To our knowledge, this study is the first comprehensive investigation of parental origin of NAHR-mediated CNV loci. Hehir-Kwa et al., and Ma et al., conducted similar large-scale studies, focusing on intellectual disability, developmental delay and congenital dysmorphisms, and determined a paternal bias for a sample predominantly of non-recurrent CNV [81, 82]. They hypothesized that replication-based mechanisms of CNV formation contributed to the bias. Our study focuses on loci predicted to be formed via NAHR, and thus isolates our data from confounding by multiple mechanisms of CNV formation. Although our analysis includes data from over 1,400 samples, it is limited to existing studies on pathogenic rare CNVs. It does not include benign CNVs such as the 7q11.2 deletion [83], since parent of origin data is scarce for these non-pathogenic loci. Analysis of a larger cohort of CNV loci including benign CNVs will give greater insight into the role of recombination, and sex differences in recombination in influencing parent of origin in CNVs.

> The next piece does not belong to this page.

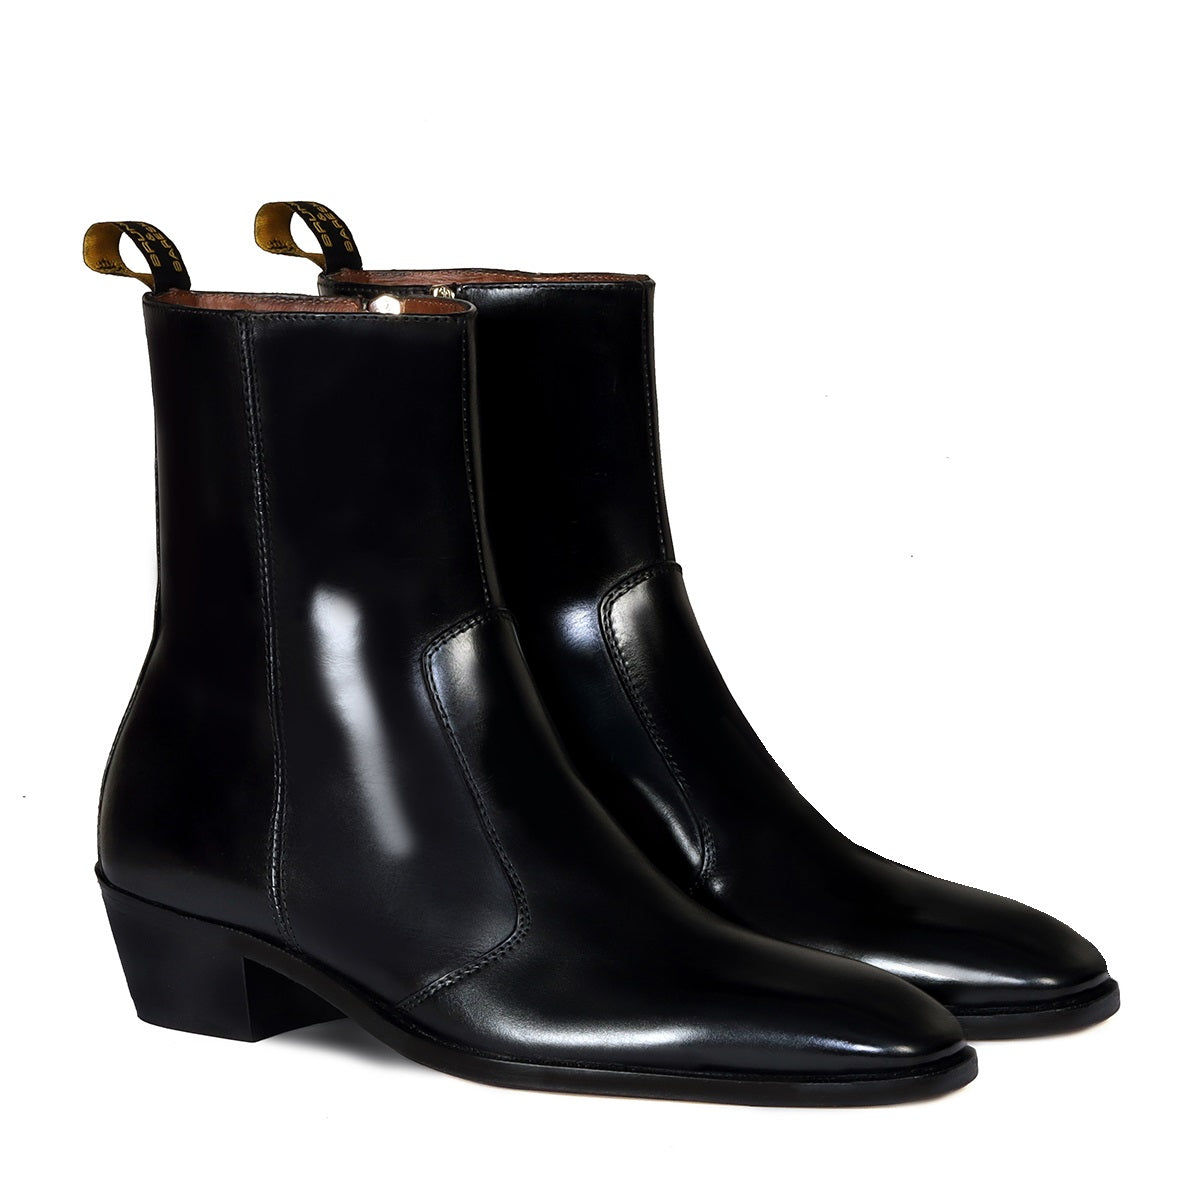 Cuban Heel Boots Stitched Black Leather with Zip Closure by Brune & Bareskin

Our data show that meiotic recombination predicts the parent of origin for recurrent CNVs underlying genomic disorders. The influence of recombination in CNV formation may also influence the incidence of recurrent CNVs. Females, on average, have more crossovers per genome, and when observing the frequency of CNVs in the population with known parental biases, a pattern emerges. 22q11.2 and 16p11.2 have a maternal bias and a prevalence of 1 in 4,000 and 1 in 3,000 [30, 84] respectively, while 3q29 and 5q35.3 have paternal biases and a prevalence of 1 in 30,000 and 1 in 14,000 respectively [85]. While prevalence could be confounded by severity of the disorders, our data suggest the sex specific frequency of meiotic recombination may also influence the incidence of these genomic disorders. Investigation into this possibility could be achieved with a cohort of individuals with benign CNVs to reduce confounding by severity.